According to a post on the Harvard Law School Forum on Corporate Governance and Financial Regulation, the SEC has updated its entry in the Office of Management and Budget’s Unified Agenda to indicate that it plans to issue proposed rulemaking requiring public companies to disclose their political spending this April. The post goes on to discuss the SEC rulemaking petition that was submitted by the Committee on Disclosure of Corporate Political Spending, co-chaired by Lucian Bebchuk and Robert Jackson. They report that the petition has received more than 300,000 comment letters in support. 

The rulemaking petition supports the concept providing public information but does not give more than a general framework for the specific disclosure than might be proposed, including the possibility of a de minimis exemption. However, one comment letter signed by some of the same institutional investors who are proponents of shareholder proposals seeking political contributions reports not surprisingly advocates for the type of content and form of disclosure that are similar to the requests in their shareholder proposals.
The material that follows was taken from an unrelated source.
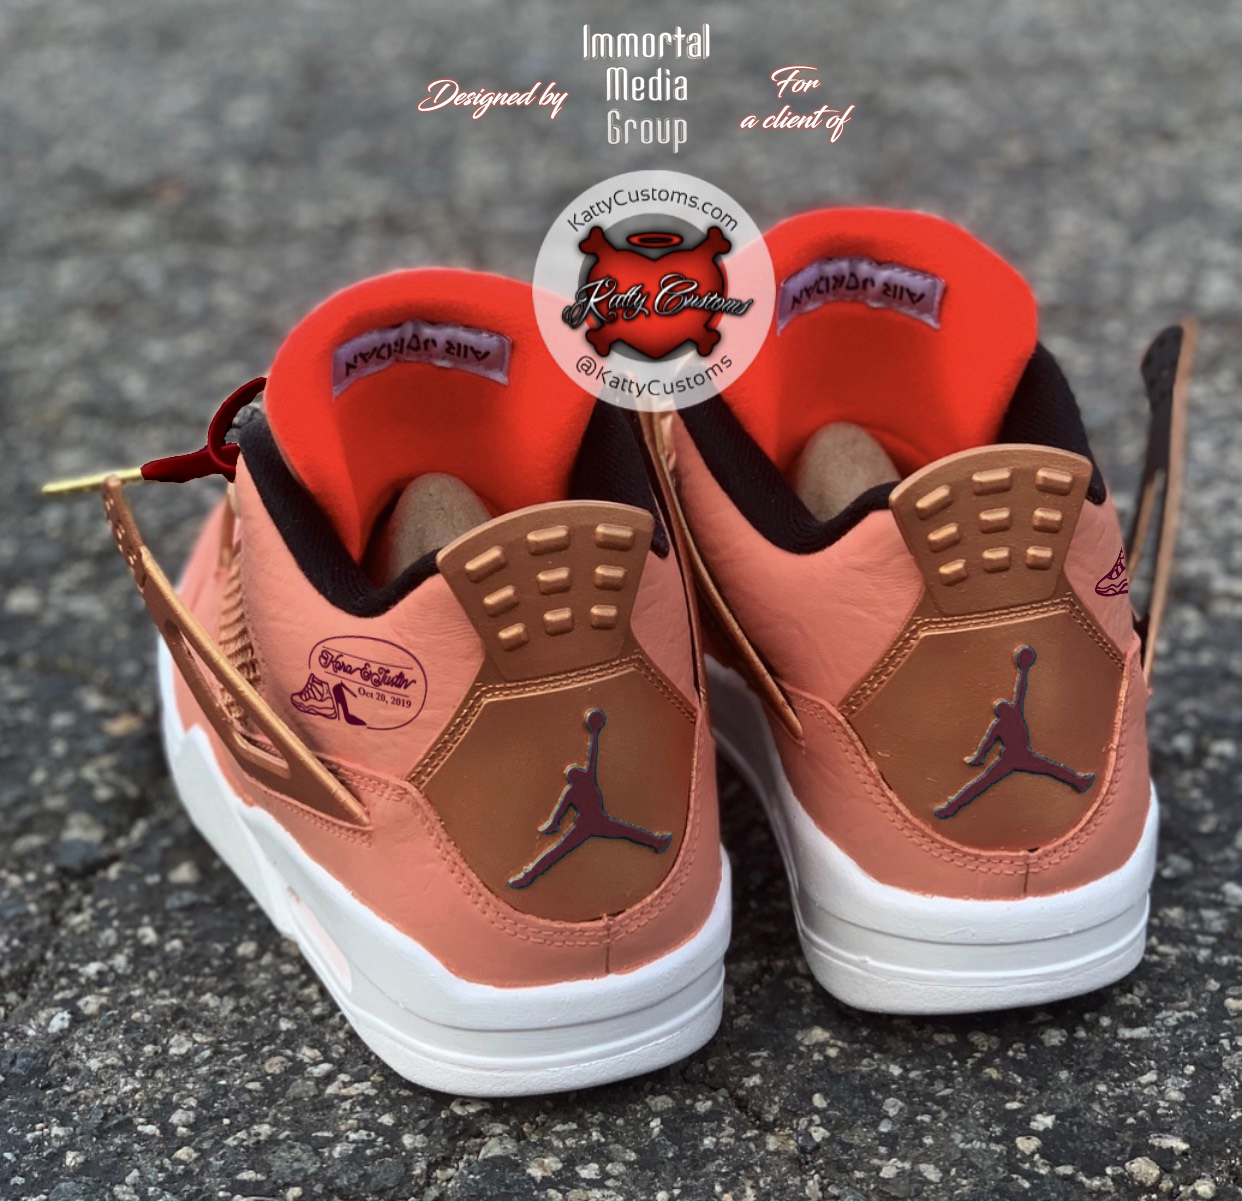 Katty Customs on X: “Raging Bull” 🔥 Customized Air Jordan XI + Custom Red  Leather Laces 🔴 Custom Made To Any Size! AVAILABLE NOW:   #KattyCustoms #Customs #CustomKicks #CustomShoes  #CustomJordans #LeatherLaces #SneakerHea

This includes information on policies and procedures for political contributions and expenditures as well as more broadly, contributions and expenditures that are “used to participate or intervene in any political campaign on behalf of (or in opposition to) any candidate for public office, and used in any attempt to influence the general public, or segments thereof, with respect to elections or referenda.”

As for the OMB Unified Agenda, the SEC list contains fairly extensive and ambitious timetables, and include the possibility of rulemaking on the Dodd-Frank executive compensation topics (pay-for-performance, pay ratio, clawback and employee and director hedging) in February 2013 and other timing that has already been missed, including the crowdfunding rules, scheduled for December 2012.